Rick had been called a lot of things in his life, but “blessing” was a first. “Thanks.” He hesitated. “But if you don’t mind, could we keep this blessing stuff between us? I wouldn’t want something like
that getting around the department.”

She flushed. “Sorry—I was thinking out loud again. I didn’t mean to embarrass you.”

“I’m not embarrassed.” But he was. Compliments always embarrassed him.

“No more so than a cat that misses a jump and tries to act cool about it?” she teased.

“Okay, maybe a little.”

She dug through her purse for her keys. “After all the kids and parents you’ve taken through the program, I find it hard to believe you still blush when someone says something nice about you.”

This teasing was a side of Catherine he hadn’t seen before. “It’s just that I haven’t had time to prepare. Most people save the outrageous compliments until they know me better.”

She laughed. “That’s encouraging.”

The phone rang again. Rick was amazed at how easily she ignored it. “How do you do that?” he asked, following her to the front door.

“I gave the hospital my private number. It’s the same one the family uses when they have to reach me. If I answered all the calls that come in on this line, I wouldn’t have time for anything else.”

She locked the front door and, as they made their way to the truck, Rick asked, “You’re not going to set the alarm?”

“It isn’t connected. It used to go off on its own all the time so I had it disarmed when Jack moved out. I’d rather take my chances with a thief than have that thing scaring me to death in the middle of the night.”

“I have a visiting dog that takes care of my place on a sometime basis. The way I figure it, I’m safe as long as the thief shows up in a rabbit suit and tries to steal dog food.”

Catherine laughed. “We had a dog like that when I was growing up. My father bought her to take pheasant hunting. They went out one time and somehow that dog convinced a man who’d spent his entire life killing birds that it was a dumb idea. Dad stunned us all when he came home and sold his guns and kept the dog.”

Rick held the truck door for Catherine, then went around to get in his side. Where before he’d appreciated the truck for its heavy-duty springs, powerful motor, and large hauling capacity, all he saw now were the dents and scratches.

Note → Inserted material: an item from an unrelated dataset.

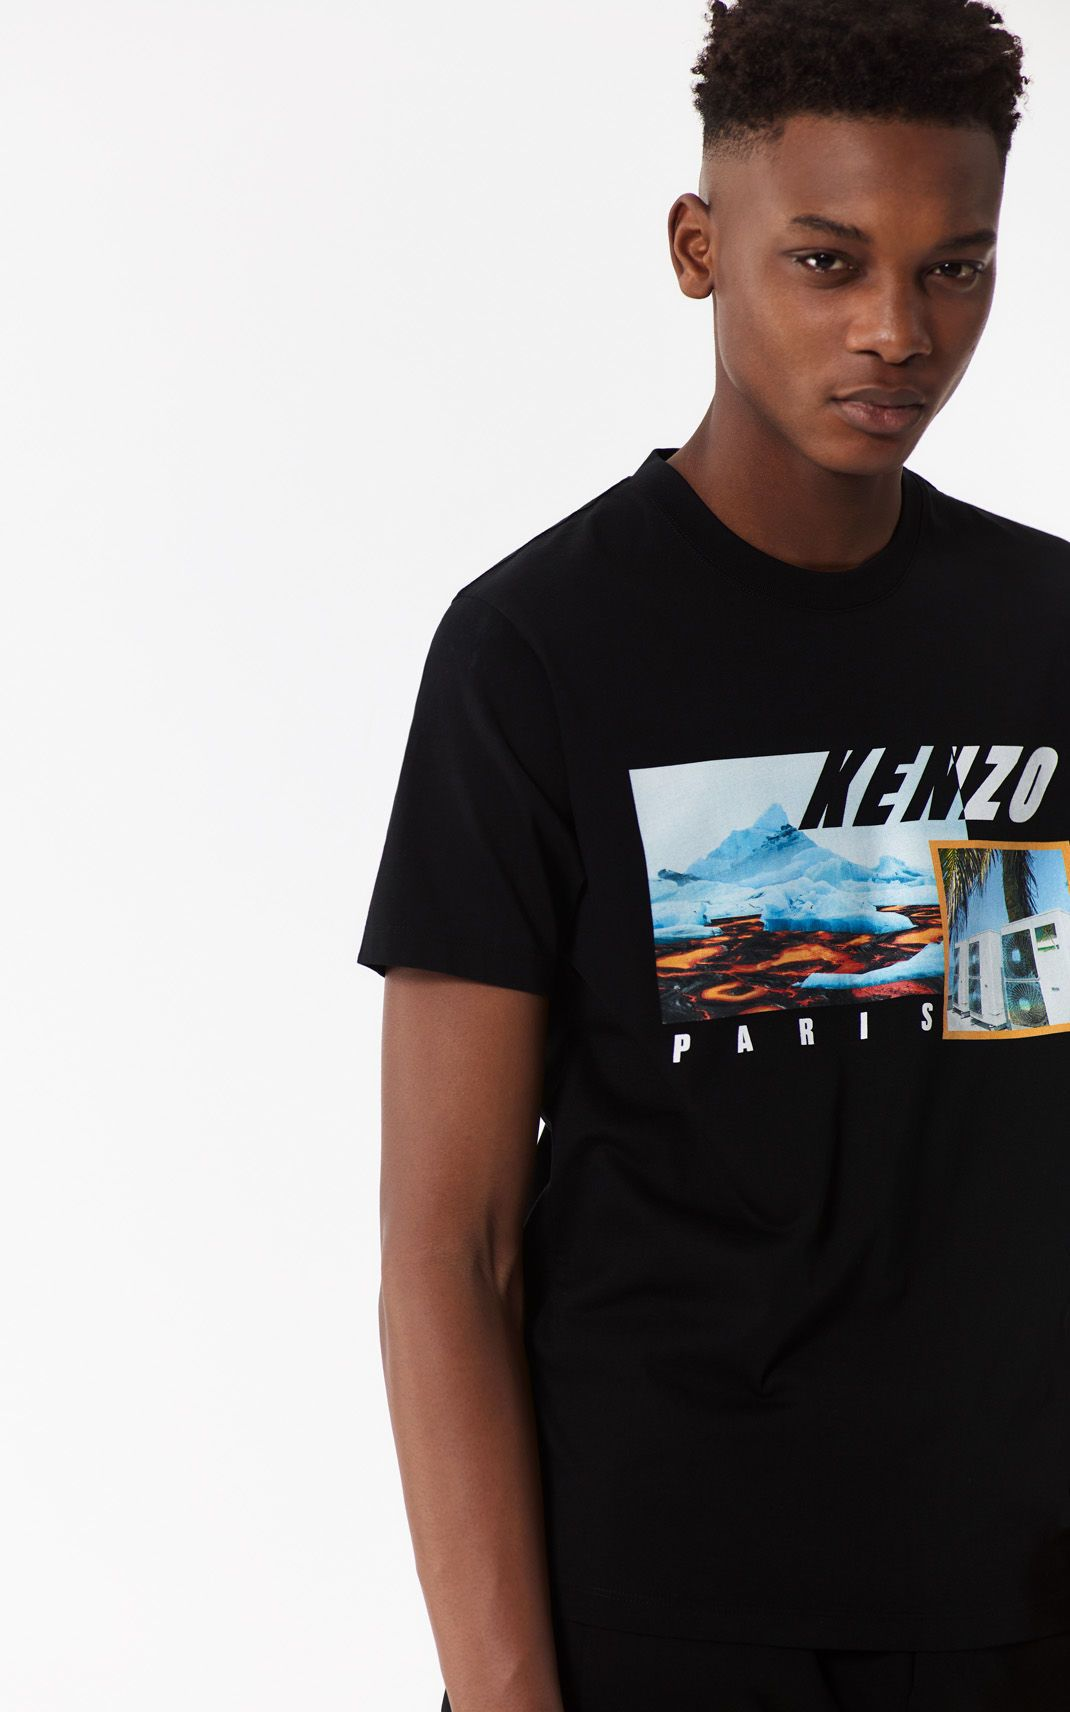 T-shirt  KENZO Landscape  NOIR homme   t shirt   Pinterest 437277d44cb

By the time he was backing out of the driveway he wasn’t sure whether he was more upset with himself for caring how the truck looked or for caring what Catherine thought about it.

The traffic on Douglas Boulevard was worse than usual with boaters headed for Folsom Lake and an ambulance responding to an accident at one of the intersections in front of them. Rick cut off on Barton and then over to Olive Ranch. He pointed north on Barton as they turned. “That’s the way to my place.”

“How far?”

“Couple of miles. I’m off Laird.”

“I looked at some property up there a couple of years ago when I was thinking about moving,” Catherine said. “I had it in my head that I wanted to
be someplace where I could step outside and not see my neighbor looking back at me.”

“With me it’s cars. I wanted to get away from the sound of them.”

“And did you?”

“For a while. But I knew it wouldn’t last. Auburn’s creeping down the hill and Roseville’s creeping up. I’m right in the middle with large tracts of undeveloped land on all four sides. They just subdivided some high-dollar lots down the road, so it won’t be long before we hear the sounds of building instead of birds.”